— Корыстна ты, Ираида, и сребролюбива. Какие деньги у старичка-то? Нехорошо… Ох, нехорошо… С кормильца спрашивай… Все с него… С Зюньки-то… Ты нашарился, Чунечка? Ничего, значит? Пошли, сокол мой ясный.
Когда они ушлепывают, Ираида запирает за ними двери, задирает юбку и вынимает из-за резинки чулка пачку денег.
— Ну хоть на это совести хватило… Не выгреб…
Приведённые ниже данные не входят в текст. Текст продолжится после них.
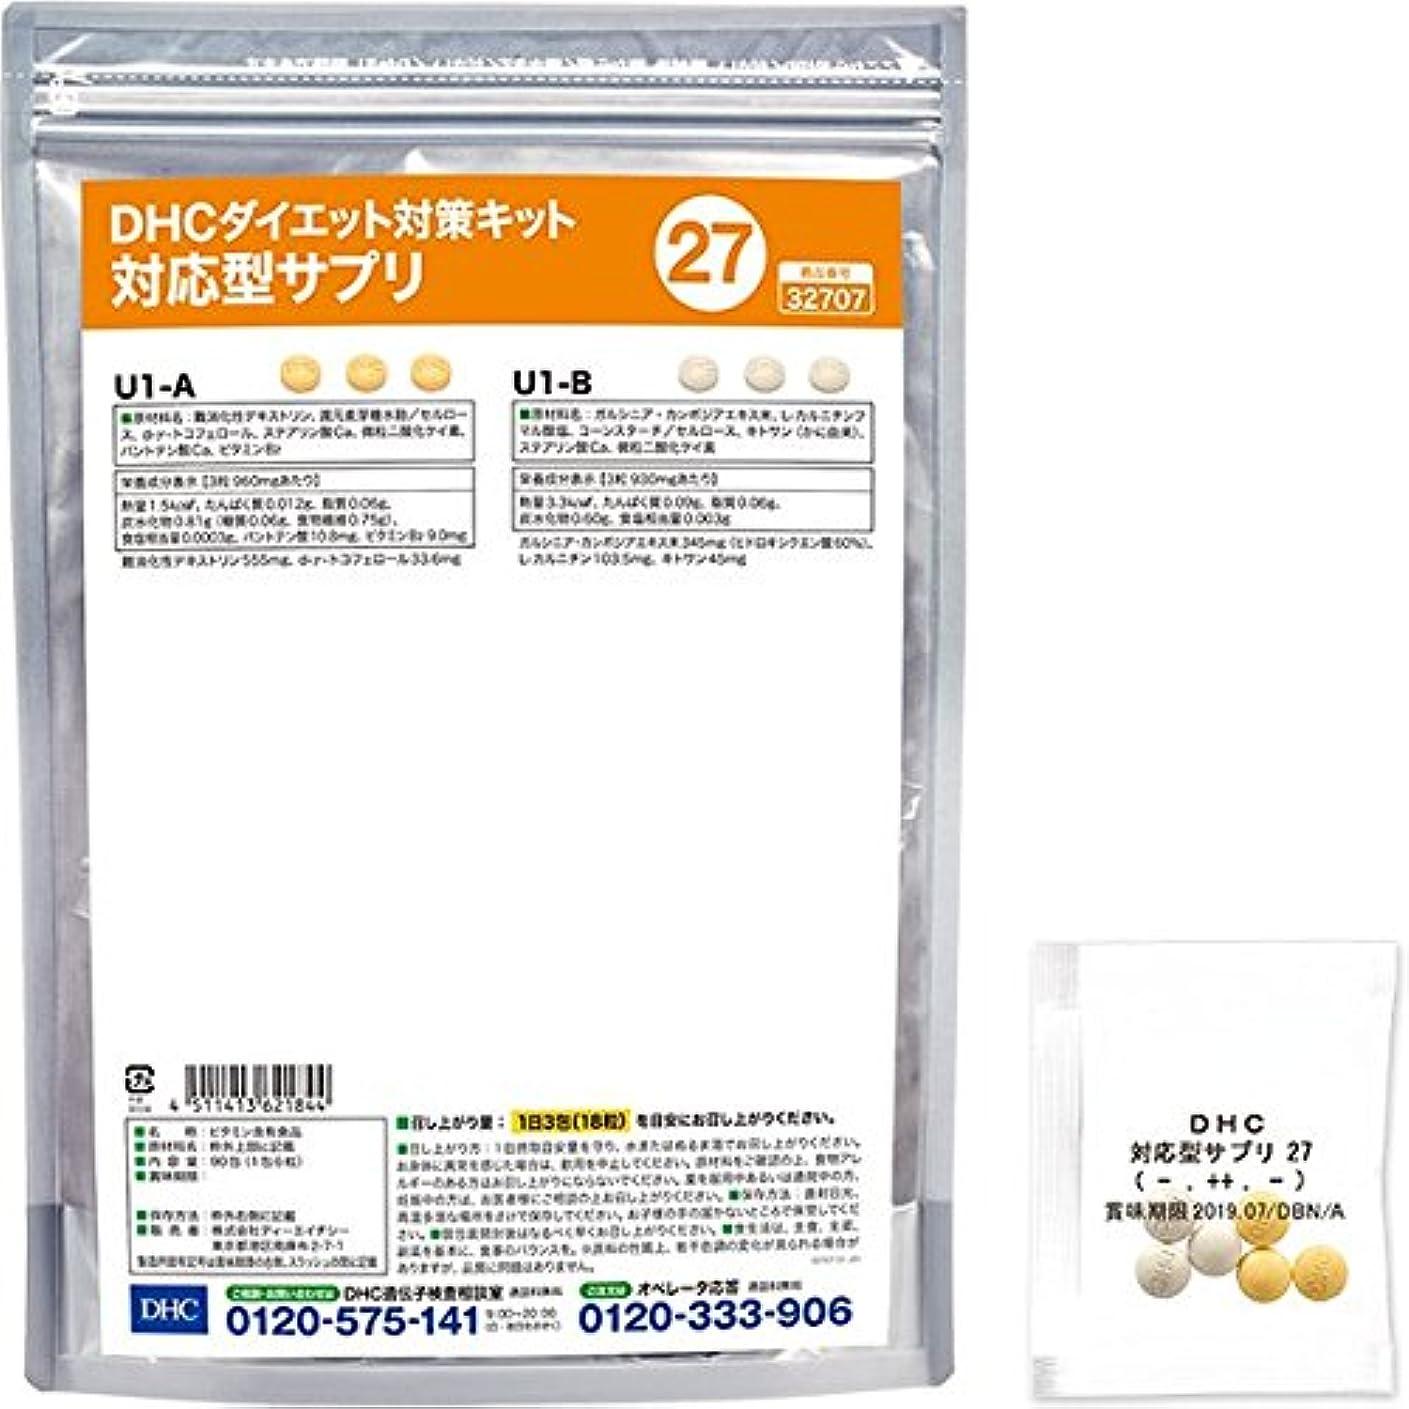 補償見えないトランジスタDHCダイエット対策キット対応型サプリ27
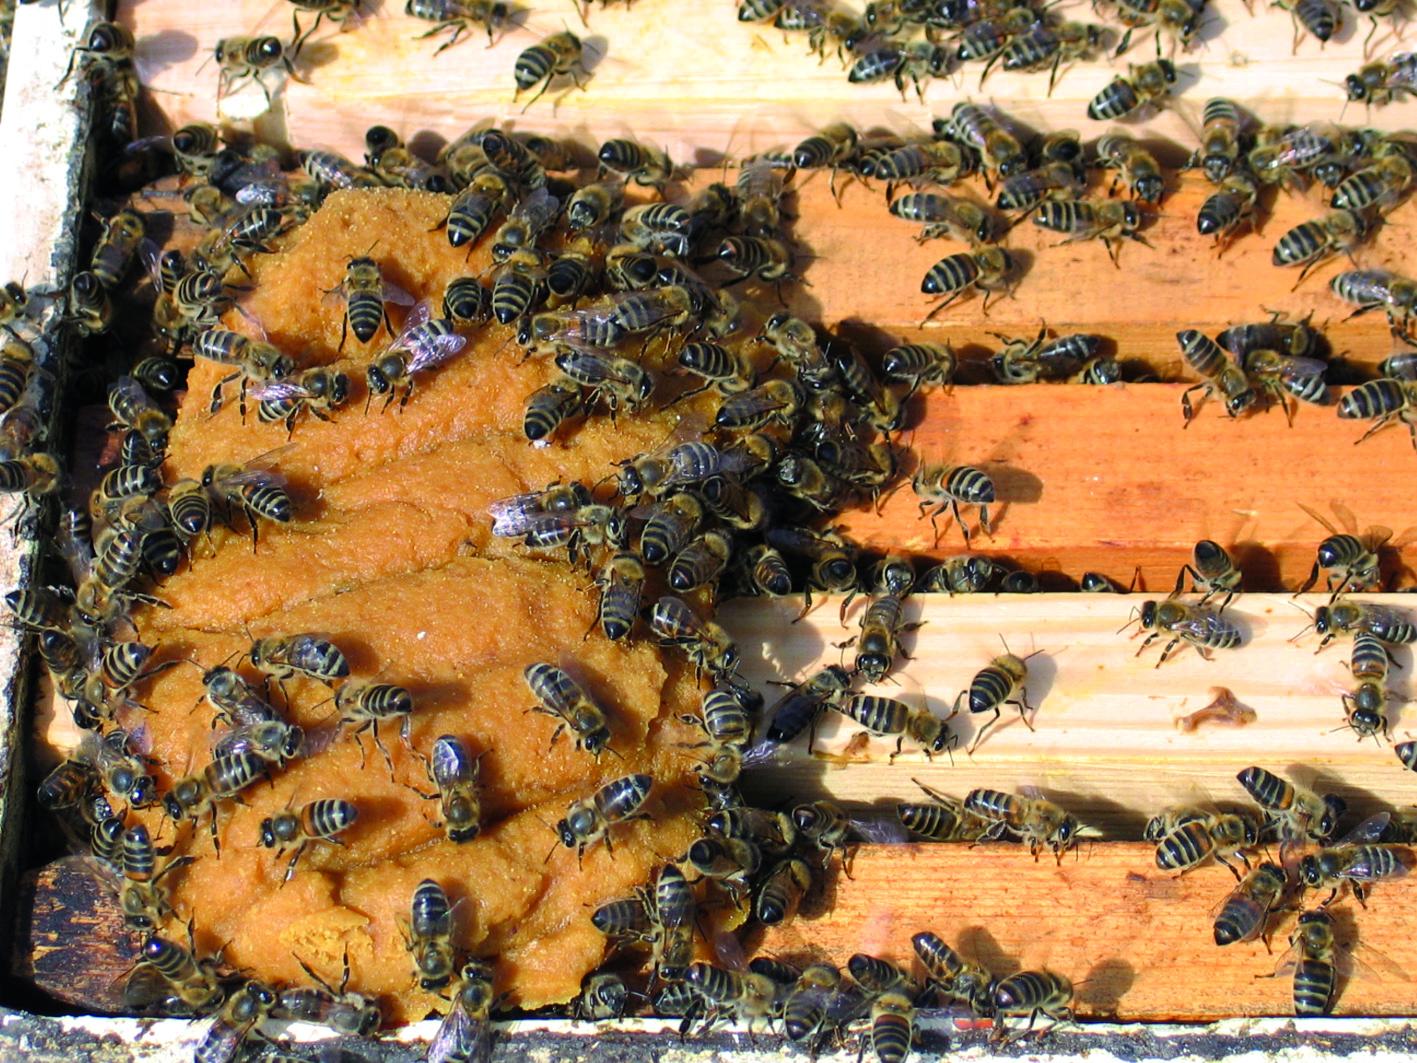 Εικόνα 5. Ένα υποκατάστατο γύρης πρέπει να είναι ελκυστικό στη μέλισσα και να έχει υψηλή θρεπτική αξία.

Горохова привыкла все просчитывать молниеносно. Вытаскивает из-под стола уже полузагруженную сумку, швыряет в нее деньги, выходит в переднюю, надевает плащ, косынку, возвращается за сумкой, спохватившись, загружает столовое серебро. На порог из боковой двери выходит сонный Гришка.
— Вот черт… Ты почему еще не спишь?
— Вы уезжаете, тетя?
— Выходит, что так… Так выходит… Ты пойми, куда мне с тобой, парень? Никуда мне с тобой… Вот устроюсь… и вернусь… Вы куда с Кысей завтра с утра собирались?
— В кино… На «Бэтмена»…
— Вот ей все и скажешь. Они там все Щеколдины. И ты у меня Щеколдин. А я вернусь… Я… быстро… вот увидишь… я быстро…
— В командировку, да? Как мама Лиза? Вы же мне говорили…
— Что я говорила? А, ну да… В командировку, в командировку… Погоди-ка!
Горохова хватает ручку, выдирает лист из блокнота, быстро пишет. Протягивает записку Гришке:
— Вот здесь все написано. Для дяди Степы и тети Симы. Когда Кыська придет, ты ей покажи вот это. Не забудешь?
— Нет. А что там написано?
— Они поймут. С них не убудет. И прости меня, Гришенька… Прости…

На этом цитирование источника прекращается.